Data extract →
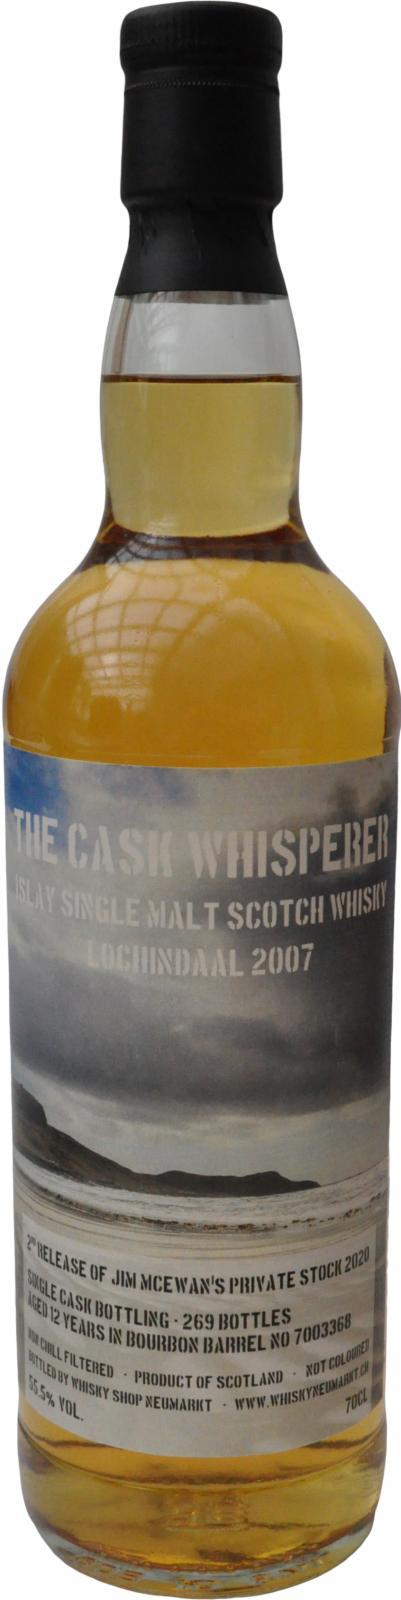 Lochindaal 2007 TCW
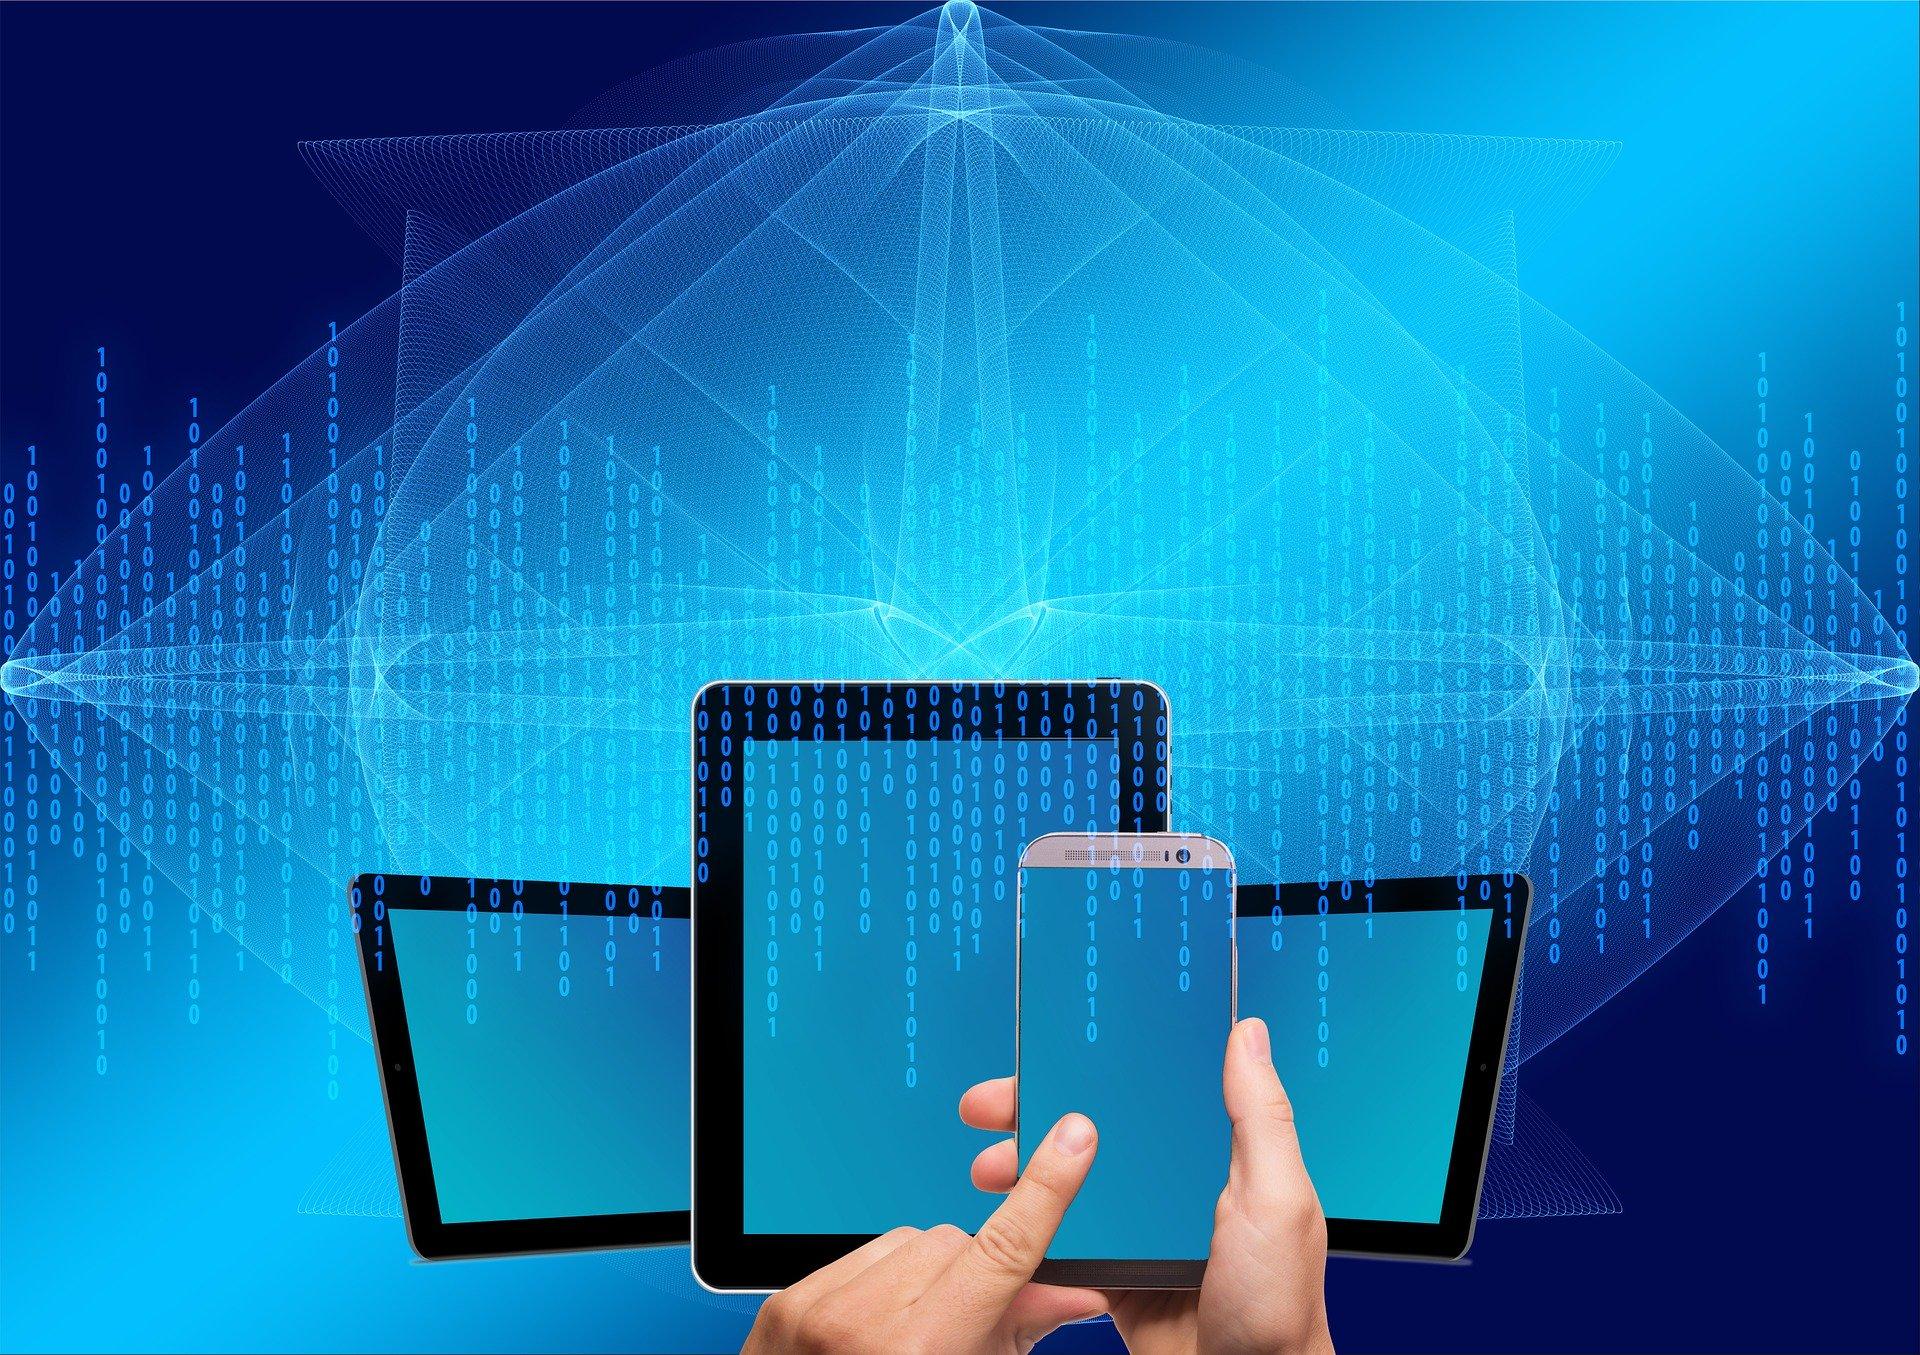 internet-avantages-dangers-usurpation-aide-protections-
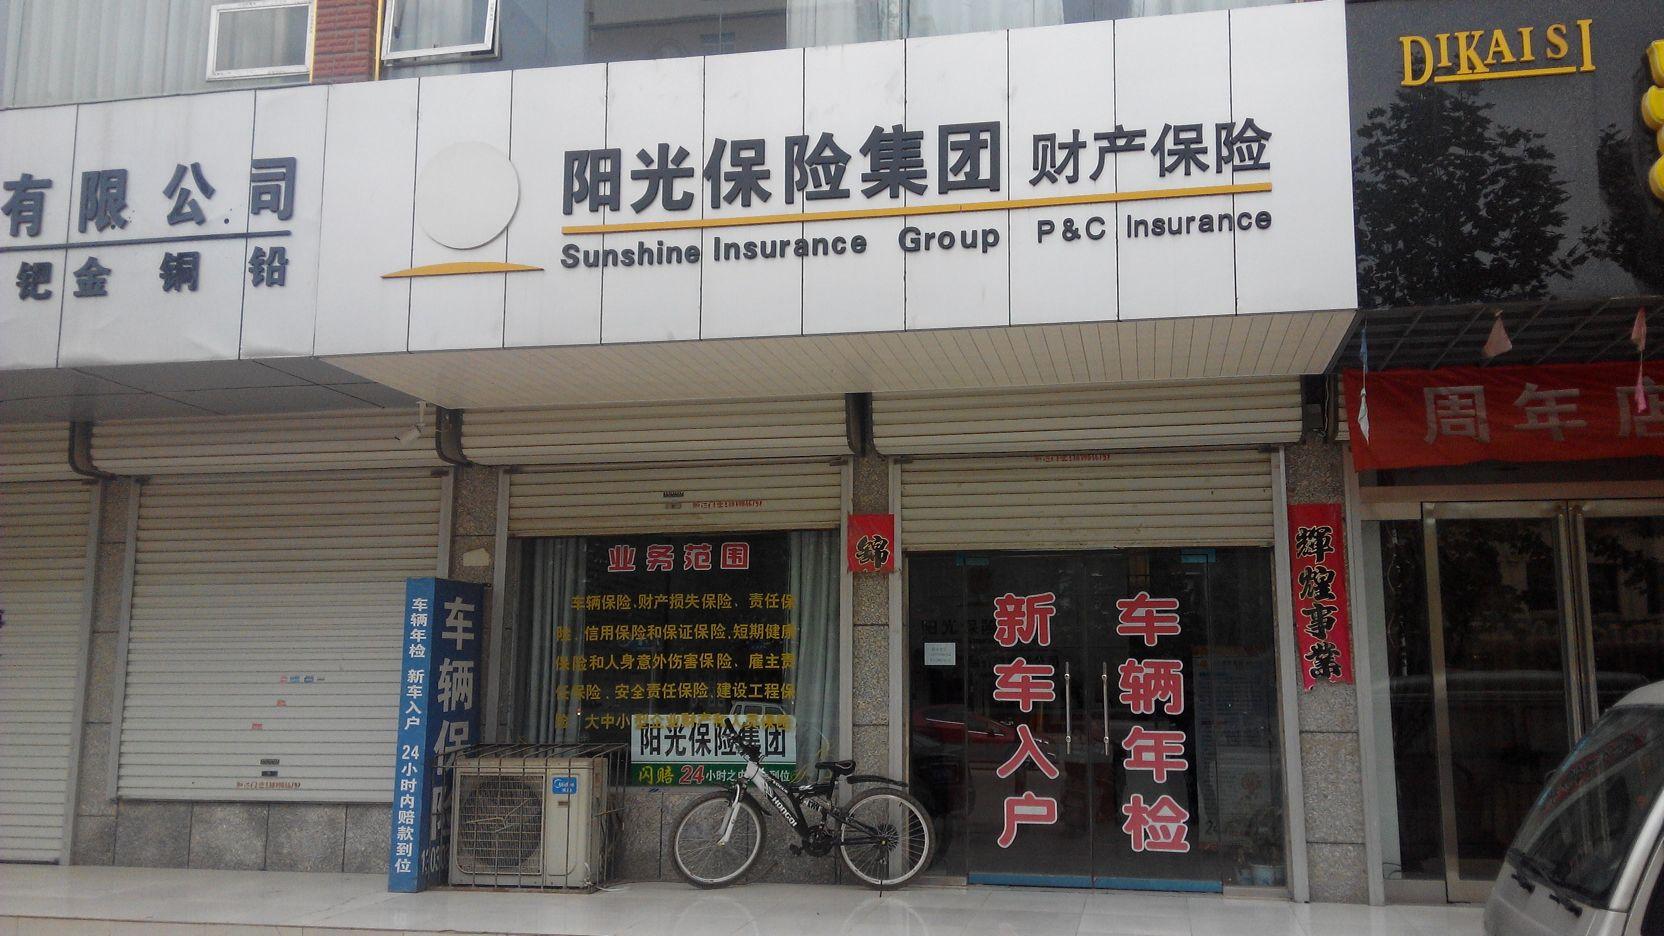 阳光财险(灵宝市支公司)

How to complete this task →
Would you set down the material exactly as it stands, without the pictures?

Solution to this exercise →
 Lochindaal 2007 TCW
 internet-avantages-dangers-usurpation-aide-protections-
 阳光财险(灵宝市支公司)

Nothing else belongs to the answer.